Post Office FD–RD Formula: How a ₹10 Lakh Investment Can Grow Over Time

Balasahana Suresh
📌 Introduction

The Post office Fixed Deposit (FD) and Recurring Deposit (RD) schemes are among the safest small savings options in India, backed by the government of India. Many investors choose them for guaranteed returns, low risk, and stable interest rates.

Understanding how money grows in these schemes helps you plan long-term goals like retirement, education, or savings security.

🏦 Post office FD: How 10 Lakh Grows

📊 Interest Rates (Approx. 2026)

  • 1 year FD: ~6.9%
  • 2 year FD: ~7.0%
  • 3 year FD: ~7.1%
  • 5 year FD: ~7.5%
💰 Example: 10 Lakh Investment (5 Years FD)

If you invest 10,00,000 for 5 years at 7.5% interest (compounded quarterly):

👉 Maturity amount ≈ 14.3 lakh – 14.5 lakh

 Breakdown:

  • Investment: ₹10,00,000
  • Interest earned: ~₹4.3 lakh
So, your money grows safely without market risk.

💳 Post office RD: How It Works

RD is a monthly investment scheme where you deposit a fixed amount every month.

📊 Example: 10 Lakh Goal via RD

If you want to accumulate around ₹10 lakh:

  • Monthly deposit: ₹12,000–₹13,000
  • Tenure: 5 years
  • Interest rate: ~6.7%
👉 Maturity amount ≈ 10 lakh+ (depending on exact rate changes)

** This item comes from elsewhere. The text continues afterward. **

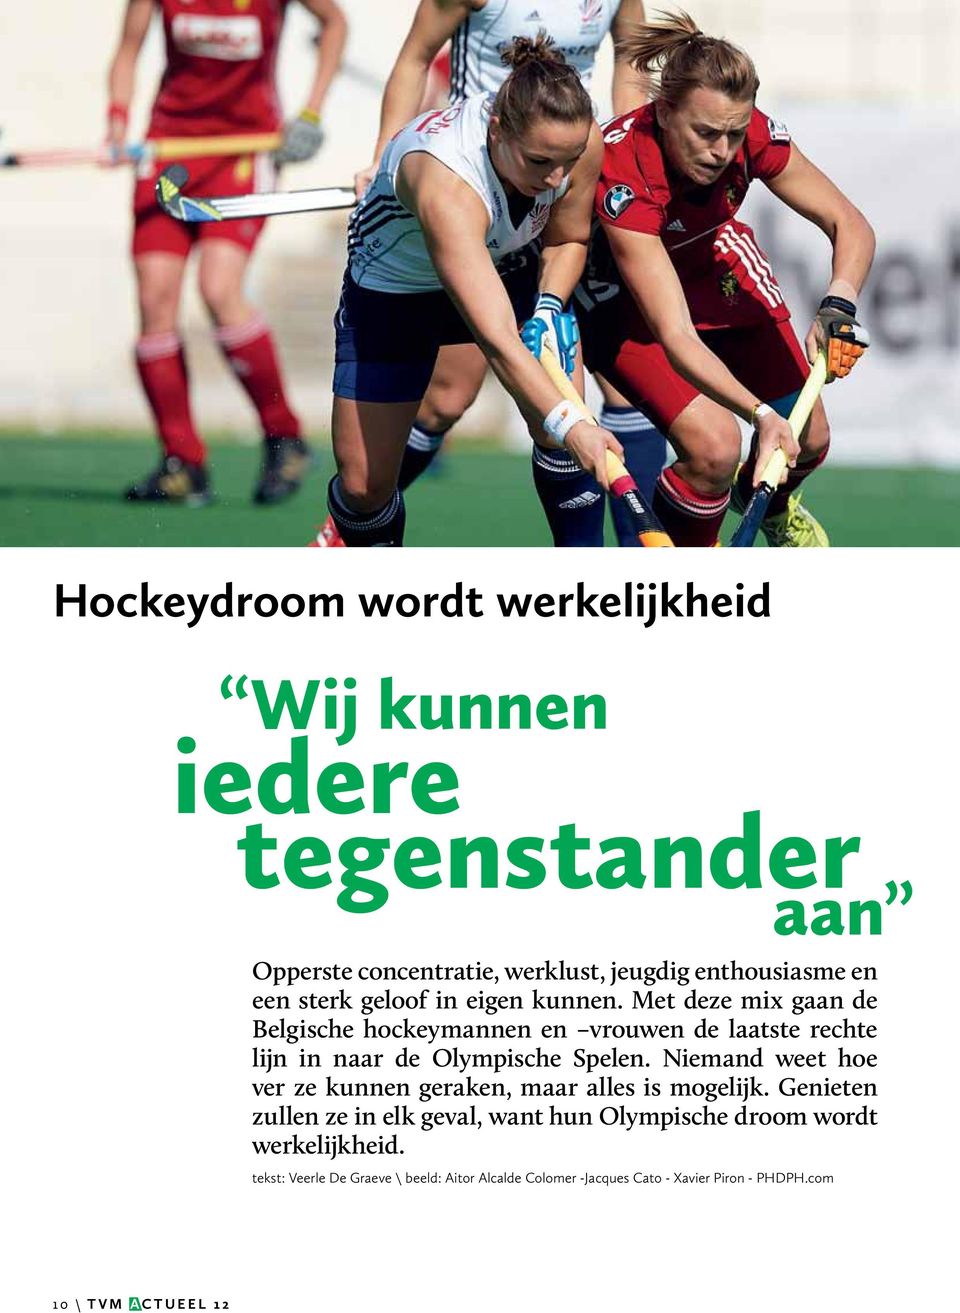 Met deze mix gaan de Belgische hockeymannen en vrouwen de laatste rechte lijn in naar de Olympische Spelen.

📈 FD vs RD: Simple Difference

Feature

FD

RD

Investment type

Lump sum

Monthly savings

Flexibility

Low

High

Interest

Slightly higher

Slightly lower

Best for

One-time savings

Salary earners

📊 How Money Grows (Simple Formula)

FD Formula:

A = P (1 + r/n)^(nt)

Where:

  • P = Principal (₹10 lakh)
  • r = Interest rate
  • n = compounding frequency
  • t = time (years)
👉 This compounding effect is what increases returns.

🧠 Why Post office Schemes Are Popular

  • 100% government-backed safety
  • Fixed returns (no market risk)
  • Easy to open in any post office
  • Suitable for conservative investors
  • Good for long-term planning
⚠️ Limitations

  • Lower returns compared to mutual funds
  • Interest rates can change quarterly
  • Not ideal for wealth multiplication
  • Taxable interest income
📌 Conclusion

A 10 lakh investment in Post office FD can grow to around 14–15 lakh in 5 years, depending on interest rates. RD helps build similar savings gradually through monthly discipline.

👉 These schemes are best for safe, predictable growth—not high-risk wealth creation.

 

Disclaimer:

The views and opinions expressed in this article are those of the author and do not necessarily reflect the official policy or position of any agency, organization, employer, or company. All information provided is for general informational purposes only. While every effort has been made to ensure accuracy, we make no representations or warranties of any kind, express or implied, about the completeness, reliability, or suitability of the information contained herein. Readers are advised to verify facts and seek professional advice where necessary. Any reliance placed on such information is strictly at the reader’s own risk.